El documento puede descargarse aquí.

Arranca la vendimia 2019 y con ella la polémica por los precios de la uva

 Publicado el por SeVi (colaborador)

Desde finales de julio se dieron los primeros trabajos puntuales de la vendimia 2019 en las zonas más tempraneras de España. Quince días después, a mediados de agosto empezaron los cortes de racimos para la producción destinada a elaborar cavas. Al mismo tiempo que las tijeras desprendían el racimo de la vid, crecía la (¿primera?) polémica por los precios de las uvas en esta campaña.

Unas protestas que tuvieron su epicentro en la comarca del Penedès, pero que también han tenido réplicas en otras zonas productoras de cava, como Extremadura o la C. Valenciana. En tierras catalanas, los viticultores señalaban que los precios de las uvas a los que las mayores bodegas pretenden pagar la materia prima en esta vendimia suponían un recorte de entre el 28% y el 33% de la cotización precedente. “Se habla de valores similares a los de hace 20 años”, señalaba el sindicato agrario JARC.
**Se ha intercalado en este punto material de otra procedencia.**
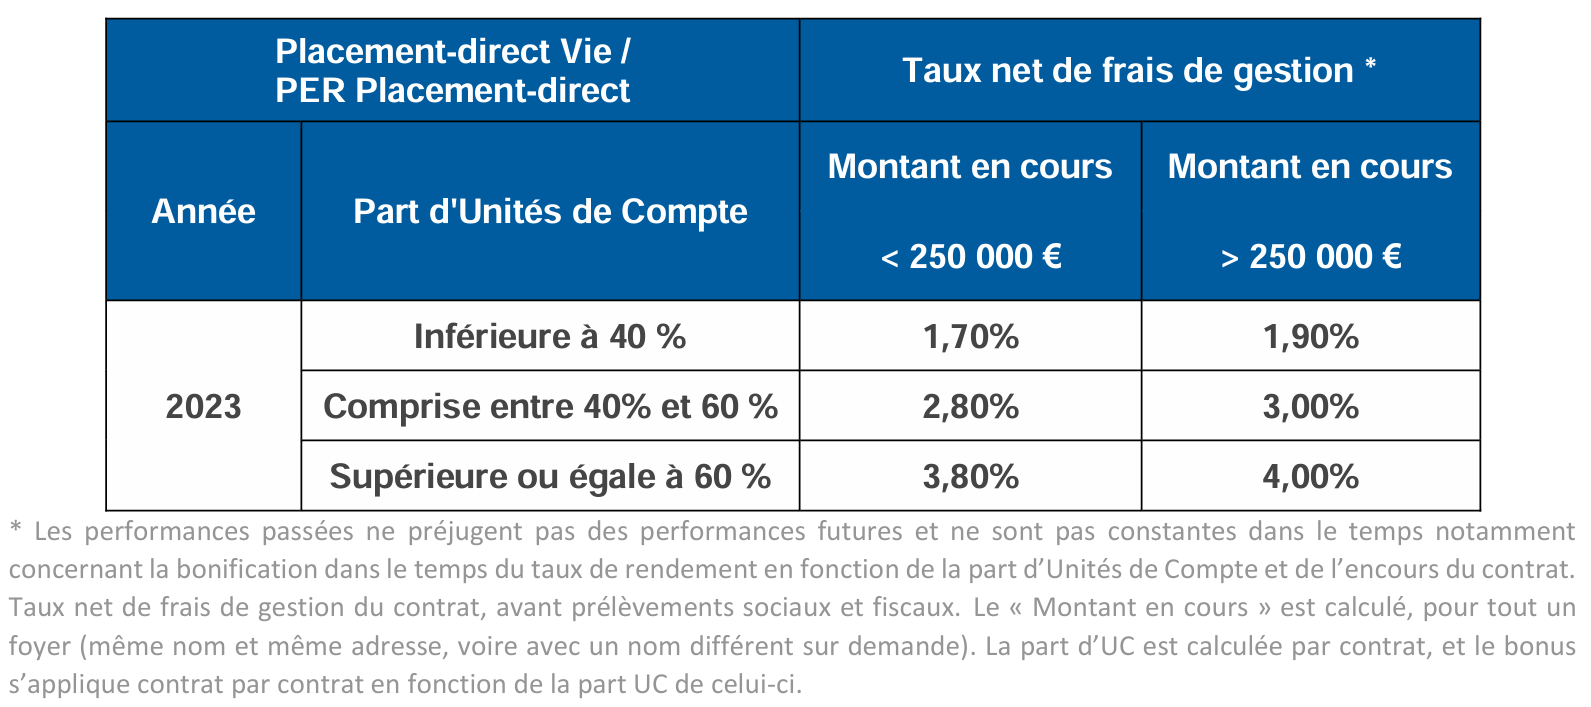 Les performances de Placement-direct Vie sur l'année 2023 selon les parts d'unités de compte et le montant du contrat.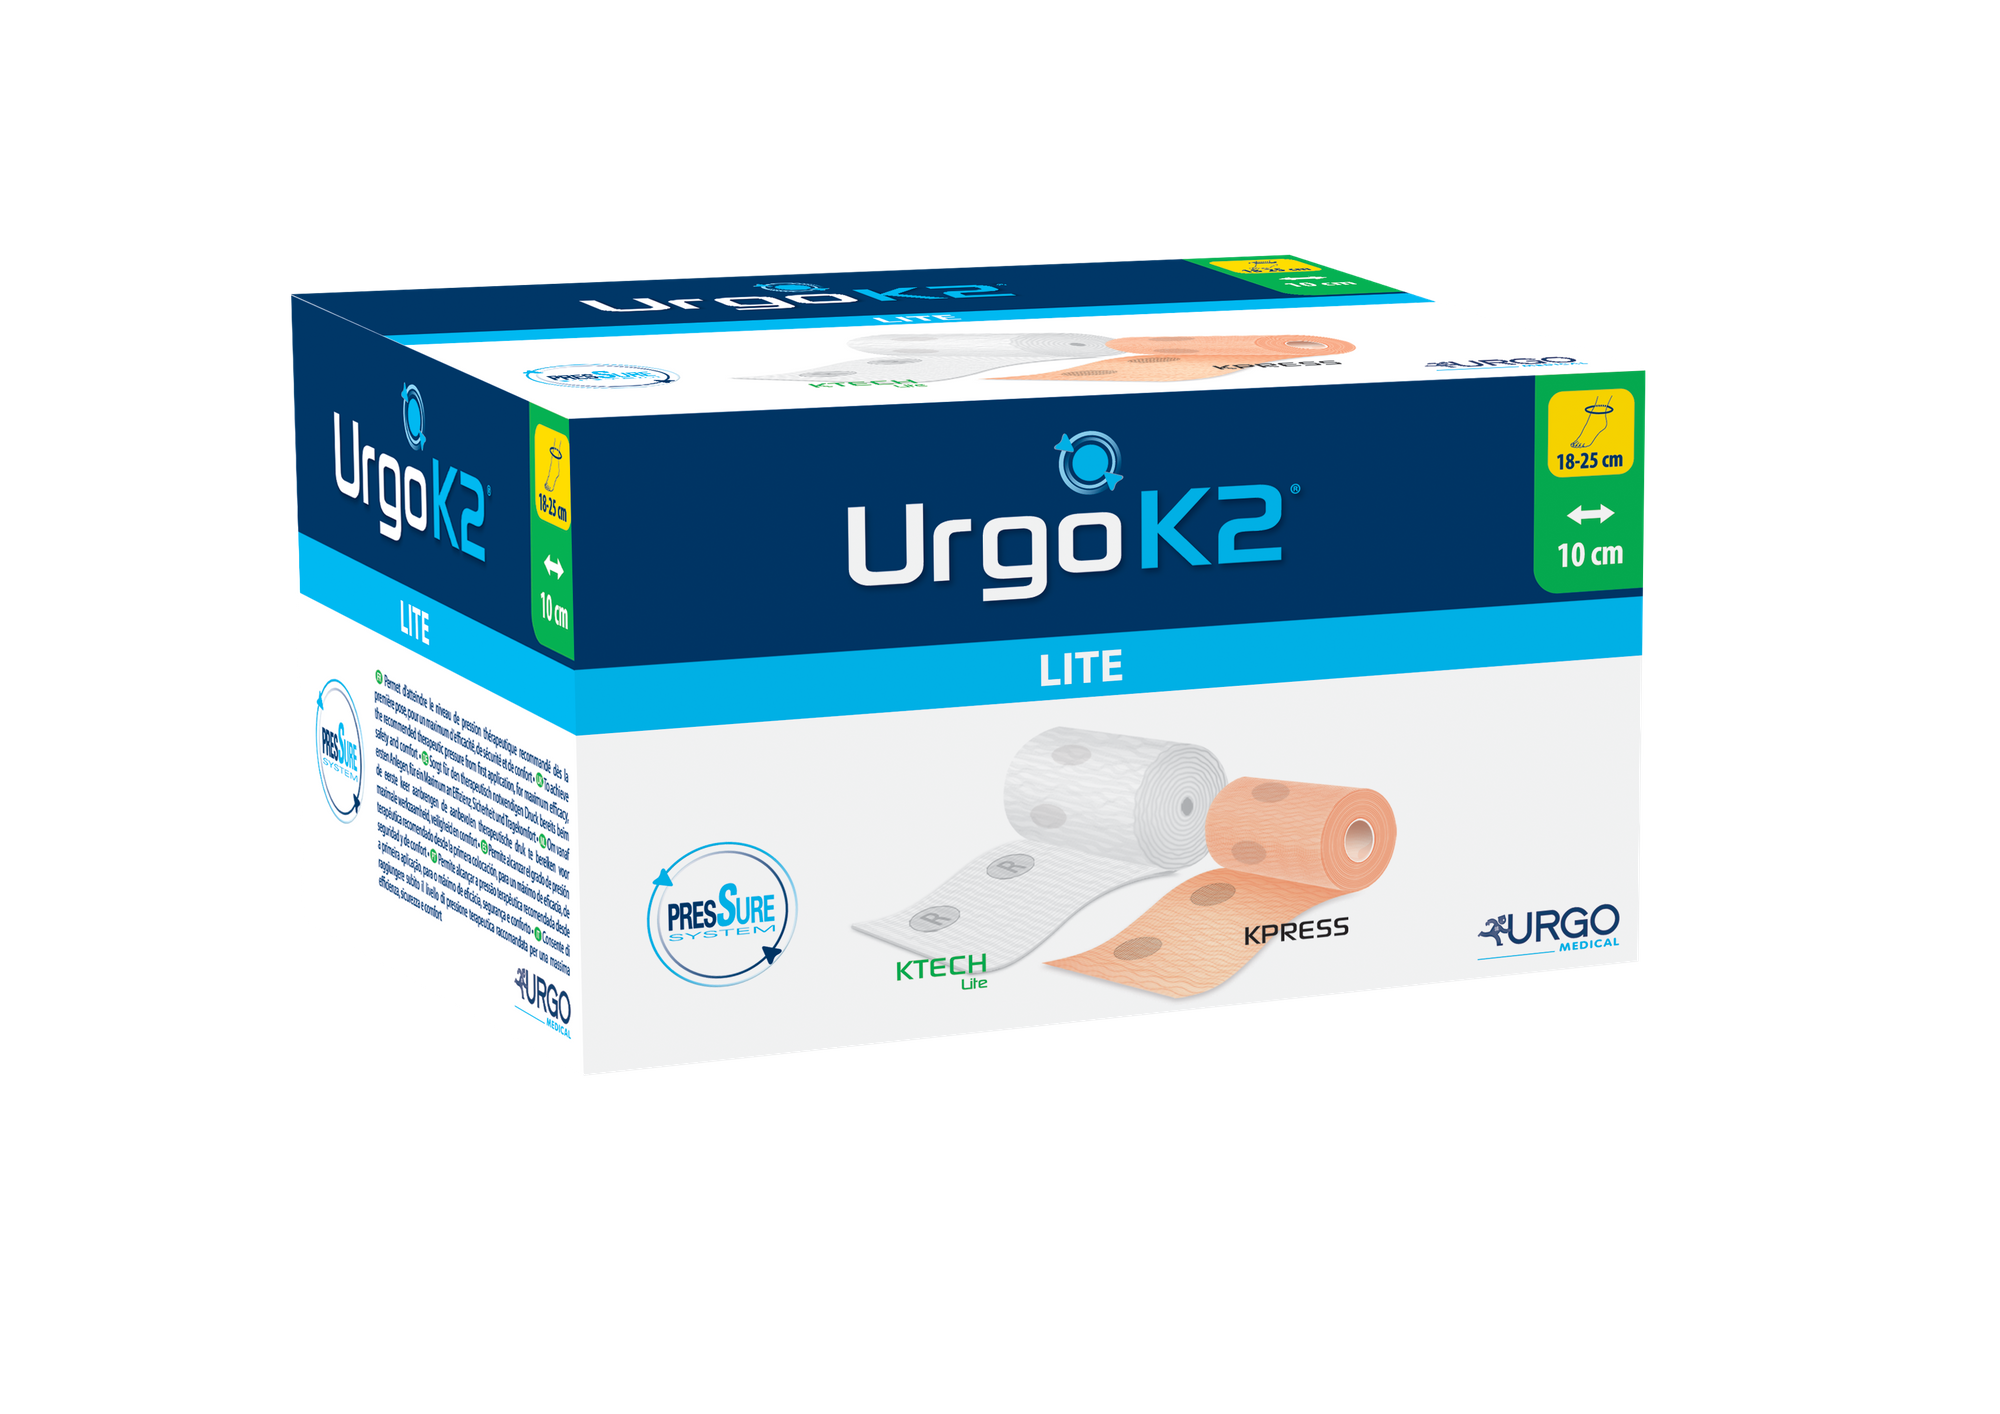 UrgoK2 Lite Kompressionssystem, Knöchelumfang 18-25cm, Bindenbreite 10cm

“Las empresas que más uva compran han iniciado una deriva egoísta e insolidaria que no responde a la estrategia impulsada por el C.R.D.O.P. Cava para prestigiar la marca”, denunciaban los productores. El Incavi también tomó partido por la rama productora y señaló que las bodegas “no pueden resolver sus problemas de rentabilidad a base de pagar menos precio por la uva a los viticultores”.

De hecho, al cierre de estas líneas había convocada una huelga para el próximo 5 de septiembre en la que no cosecharán uva ni entregarán pedidos a las bodegas. Para tratar de desbloquear la situación, también está en la agenda una reunión para hoy, 22 de agosto, entre el Incavi, el Departament d’Agricultura y los viticultores.

Otras voces que se han levantado contra esta política de precios han sido las que han salido desde la asociación de elaboradores de espumosos Corpinnat, que abandonaron la D.O.P. Cava. Esta asociación privada califica el recorte de precios de “unilateral” y pidió a las bodegas elaboradoras de cava mantener la política de precios de años anteriores y no dejarse llevar por la oferta a la baja de los “grandes productores”.

Uno de esos grandes del cava, como Freixenet (Henkell-Freixenet) manifestó, según indicaron las organizaciones agrarias tras una reunión con la firma el 20 de agosto, su rechazo a incrementar los precios.

Más allá de Cataluña

Como hemos señalado, la cuestión de precios de la uva para cava también ha sido objeto de análisis y polémica en Extremadura. Así, por ejemplo, el presidente de COAG Extremadura, Juan Moreno, denunciaba al inicio de la vendimia que mientras que los precios de las variedades para cava en Cataluña se encontraban en 350 y 380 euros por tonelada, en Almendralejo las cotizaciones apuntaban a 200 euros/tonelada, prácticamente la mitad.

También en la C. Valenciana hay descontento y las organizaciones agrarias lamentan que las uvas para cava se estén pagando por debajo de los costes de producción. Así, CCPV-COAG, la industria alega que existen excedentes de cava “y por ello plantea pagar entre 30 y 35 céntimos el kilo de uva para esta campaña en Requena, lo que supone una bajada de un tercio respecto al años pasado, cuando osciló entre los 40 y los 45 céntimos. En opinión de AVA-Asaja, esta bajada de precios prevista “hundiría las cotizaciones a mínimos históricos”.